Last night I was suddenly smacked upside in the head by a terrible headache. It was awful. I woke up from a nap, felt something developing, and then by dinnertime, my head was ready to explode. I don’t think I would like to have my head explode. I kind of like my head. Anyways, while trying to sleep to make my headache go away, I was trying to think of what to write for today. I decided that I would write a scathing letter to my headache. Which… I think is named George? I forget. My friend named my headache for me once.
Dear Migraine-esque Headache whom I think is named George,
I don’t like you. You’re a terrible non-friend, and I really, really dislike it when you attack me suddenly without warning as you did yesterday. Normally, you give me an entire’s day notice before you begin your onslaught, but yesterday was unforgivable! I thought I had a few more hours at least before you would develop your full frontal attack, but no. You didn’t. In fact, it was more like a rampage through my head that was completely unwarranted.
I mean, really, George. Can’t we sit down at the negotiation table and have some discussion, instead? This kind of ambushing is completely unnecessary. I’m a perfectly reasonable person and am willing to concede when I think your demands would be justified. There’s no need for this un-gentleman-like behavior. Your mother ought to have taught you better.

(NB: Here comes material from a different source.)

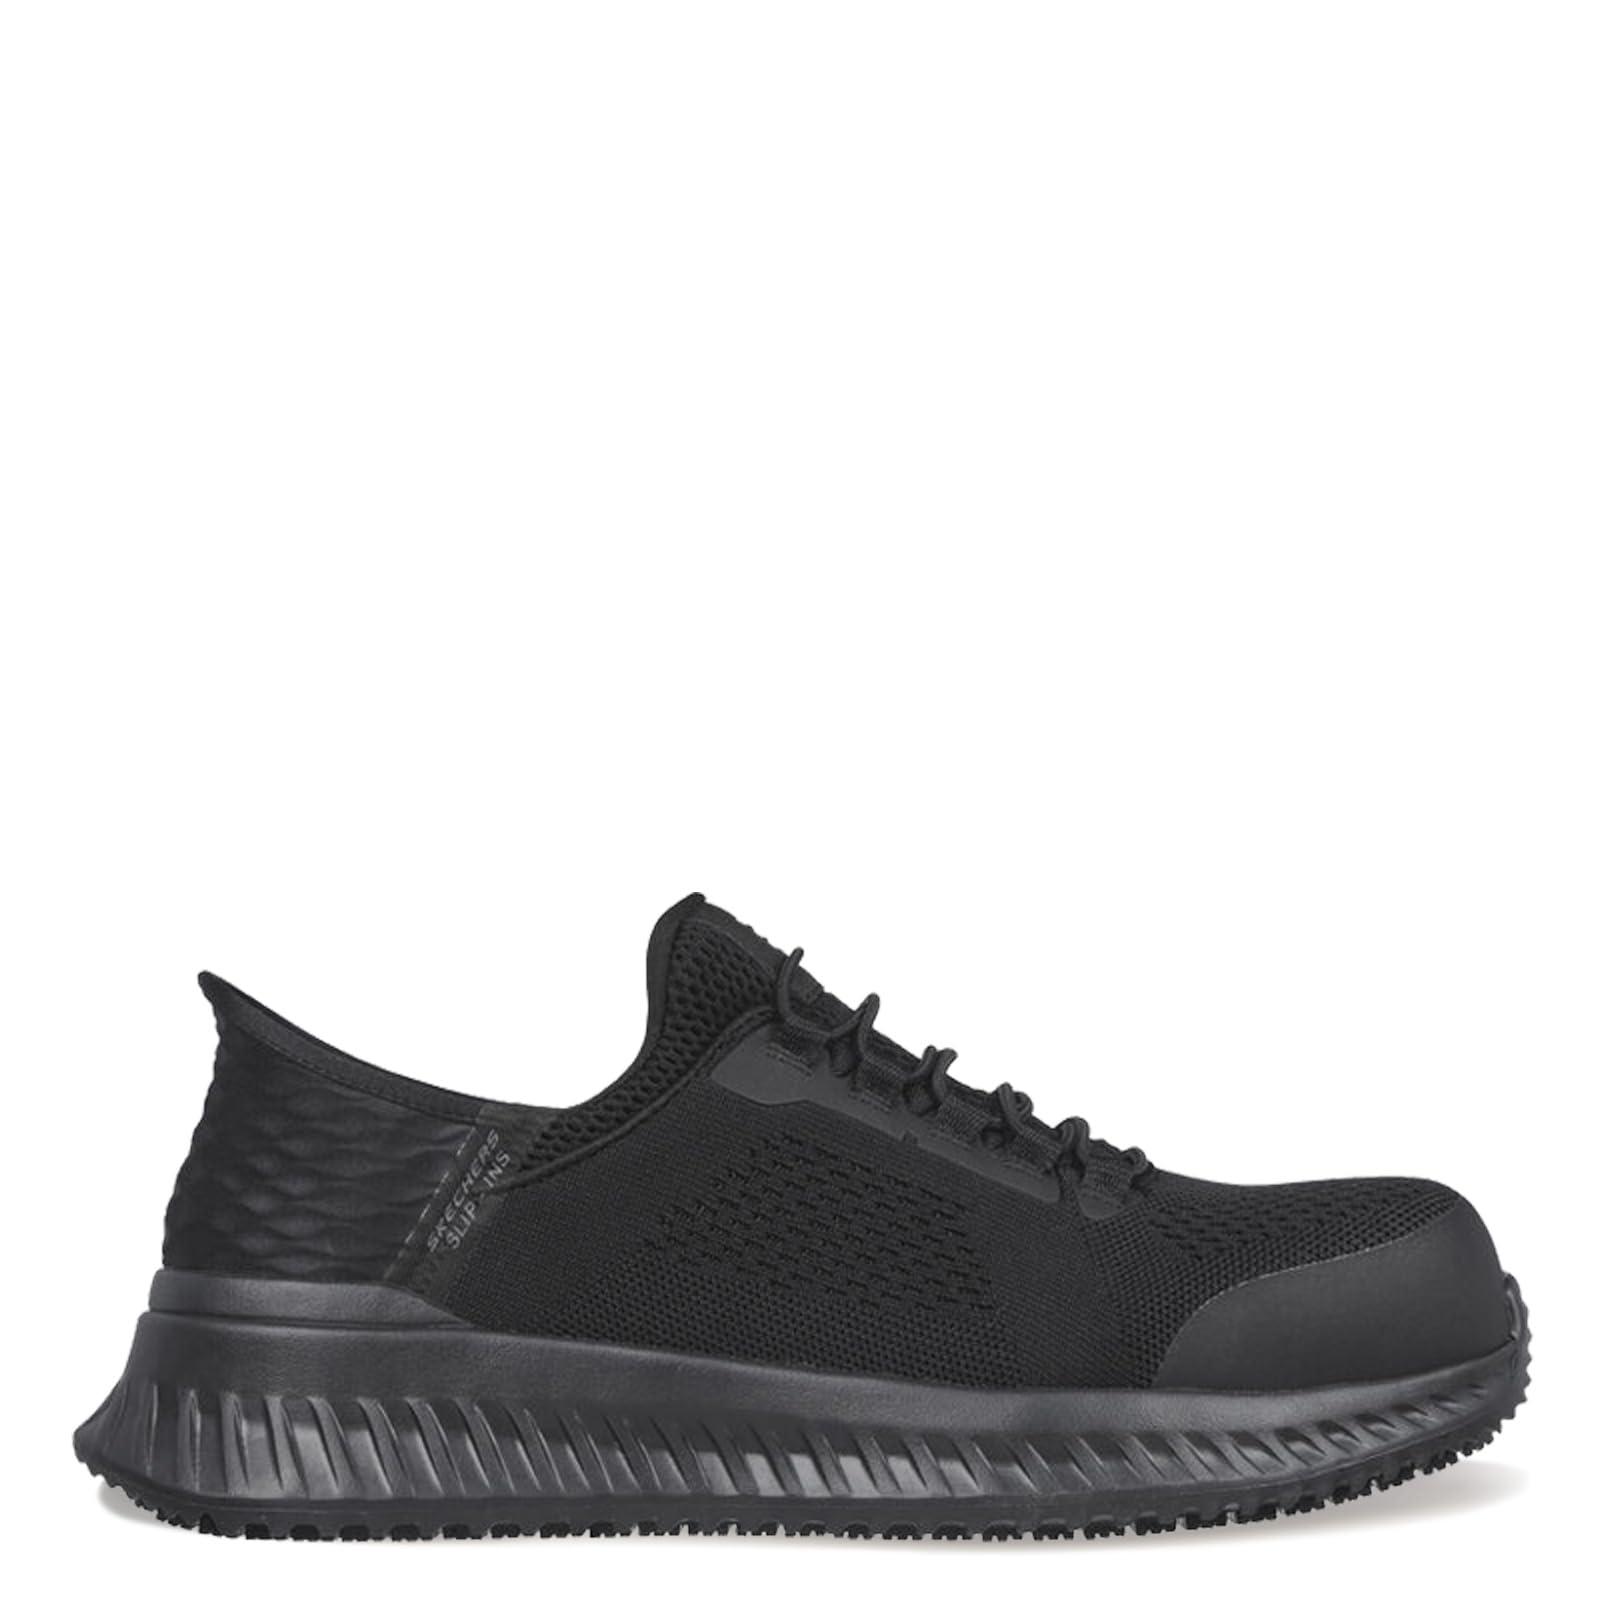 Skechers Men's, Slip-ins: Tilido - Fletchit Comp Toe Work Shoe Black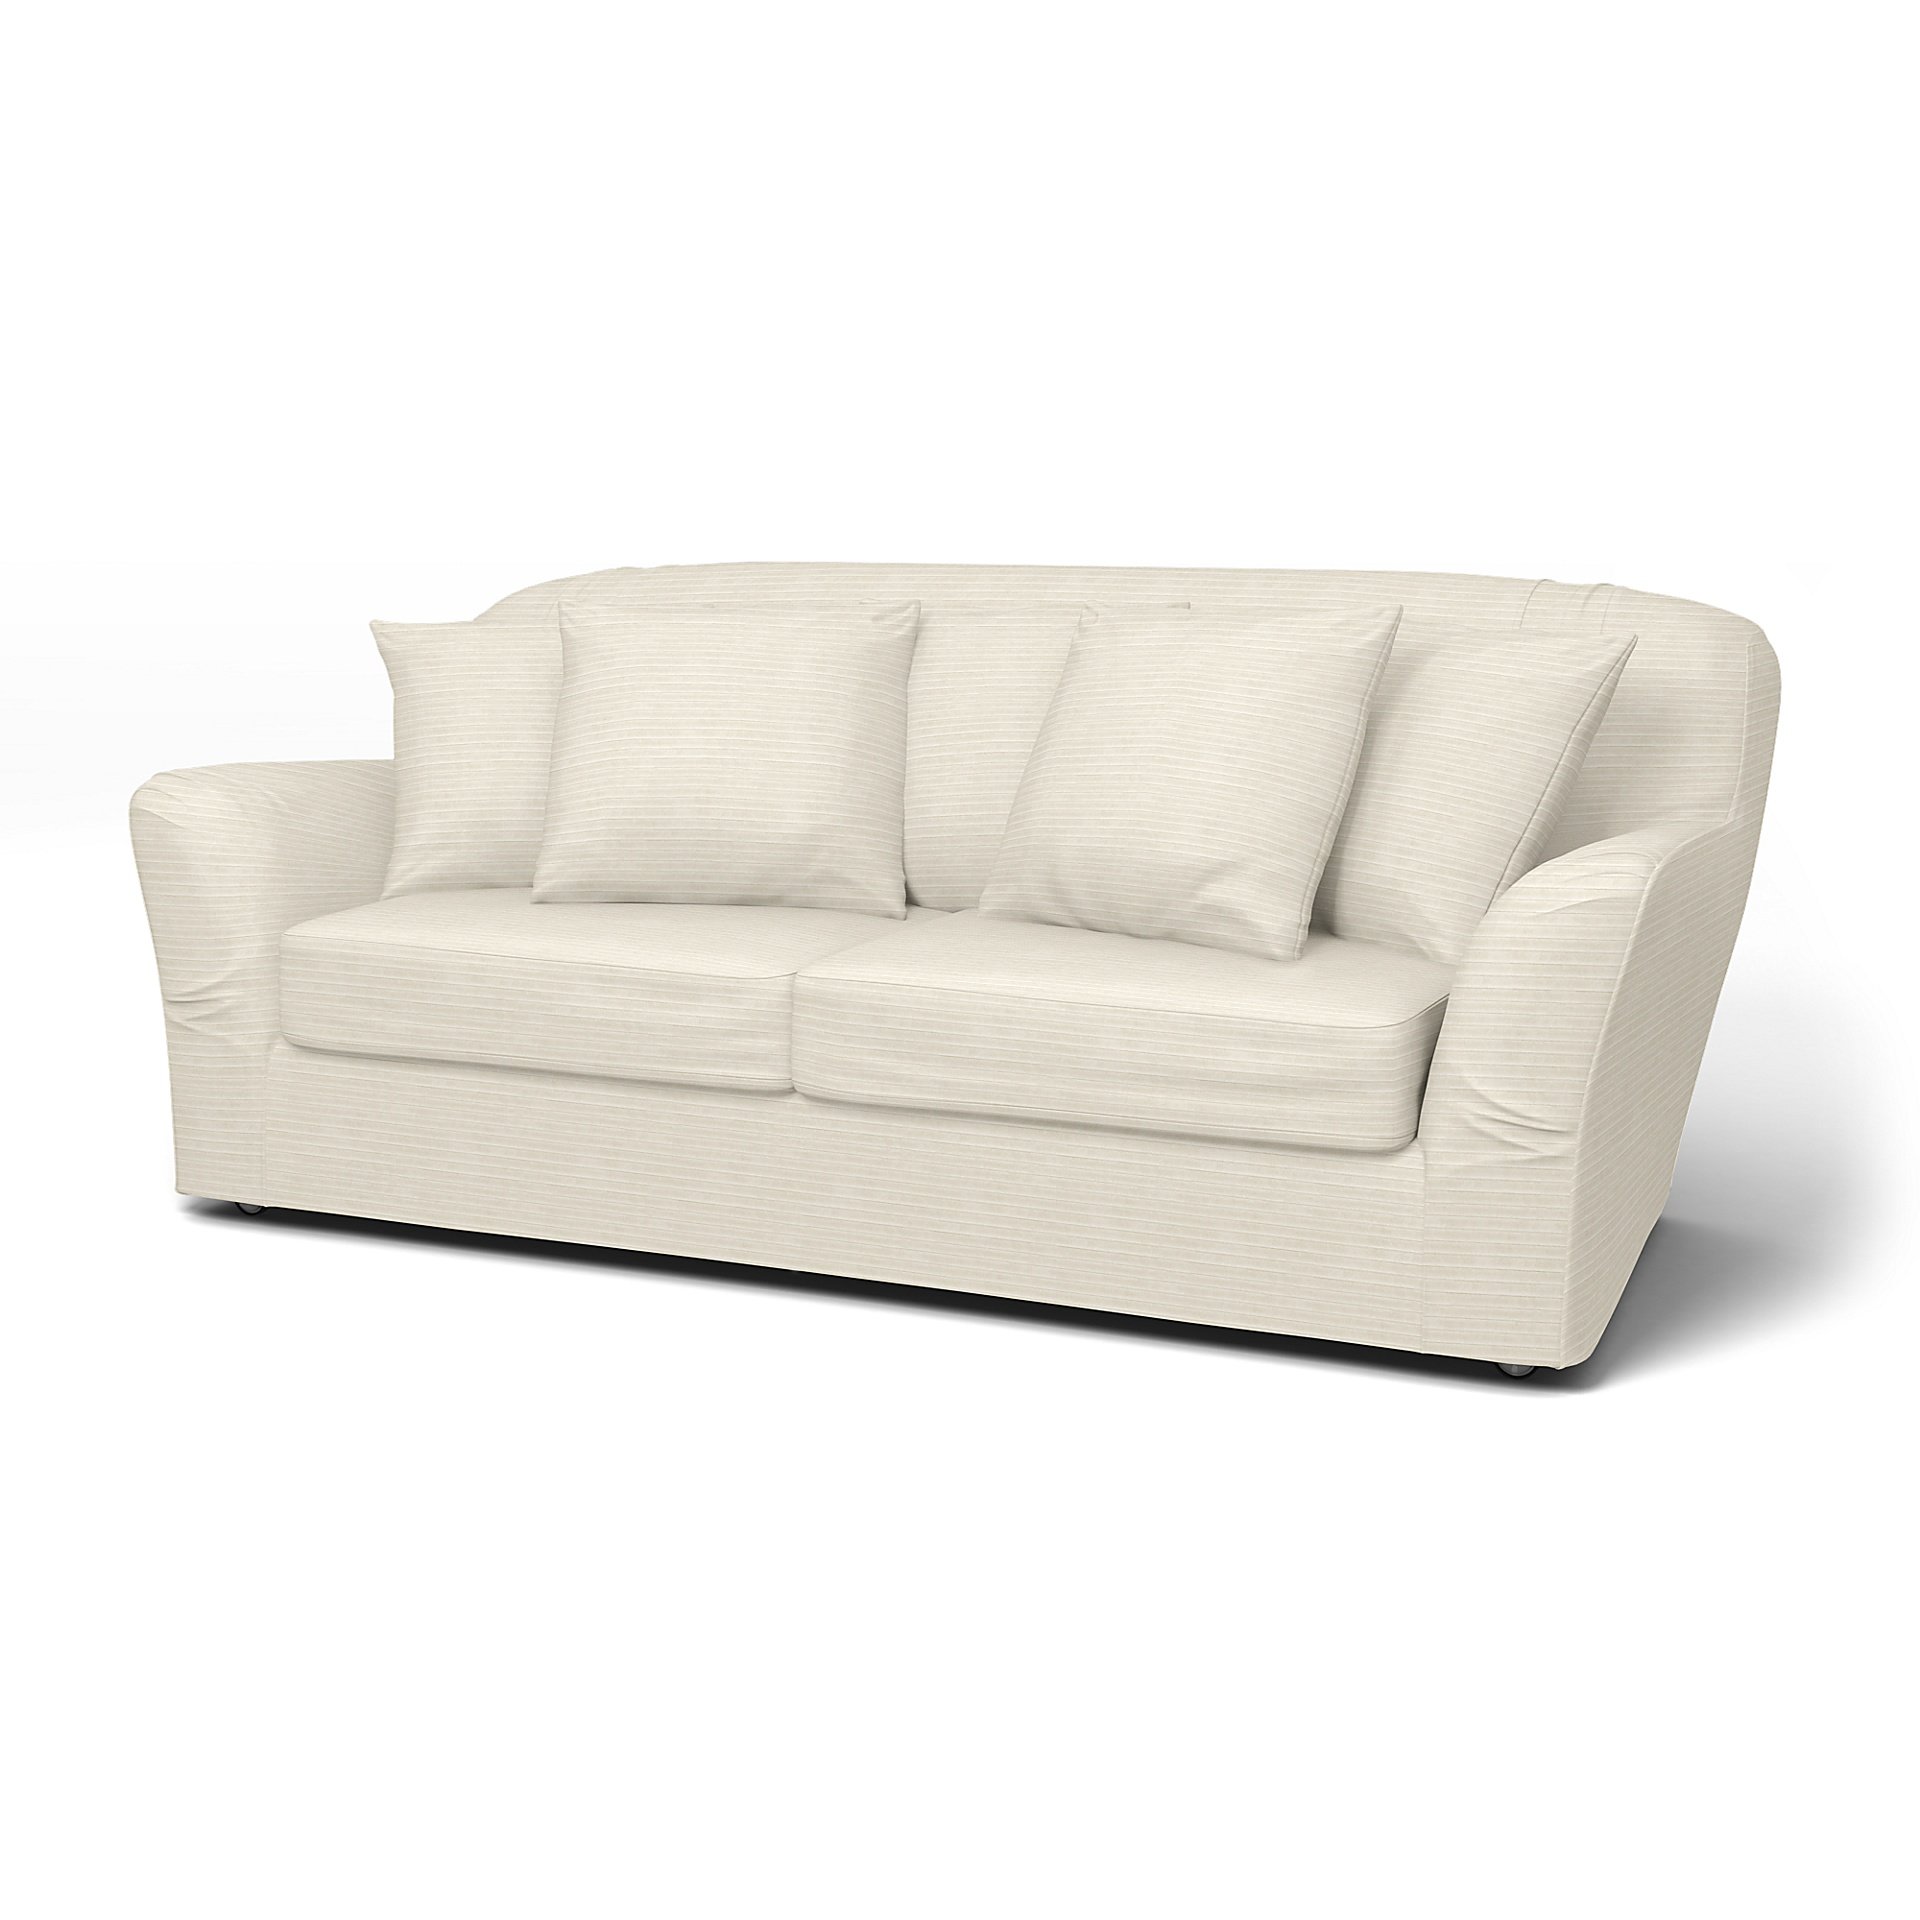 IKEA - Tomelilla sofa bed (Standard model), Tofu, Corduroy - Bemz

And what did that blitzkrieg win you, anyway? All it made me do was go to sleep. And then I got a lot of sleep. And you had to go away, hanging your head down in defeat. See? You got nothing. That offensive that you initiated–nothing gained. And when have you ever gained anything from attacking me, anyways, right? This is why I think it would make much more sense for you to stop all this nonsense.
I would like to extend to you the warm hand of friendship. If you would like to take me up on this offer, you know where to find me. I am in high hopes that we will be the best of friends.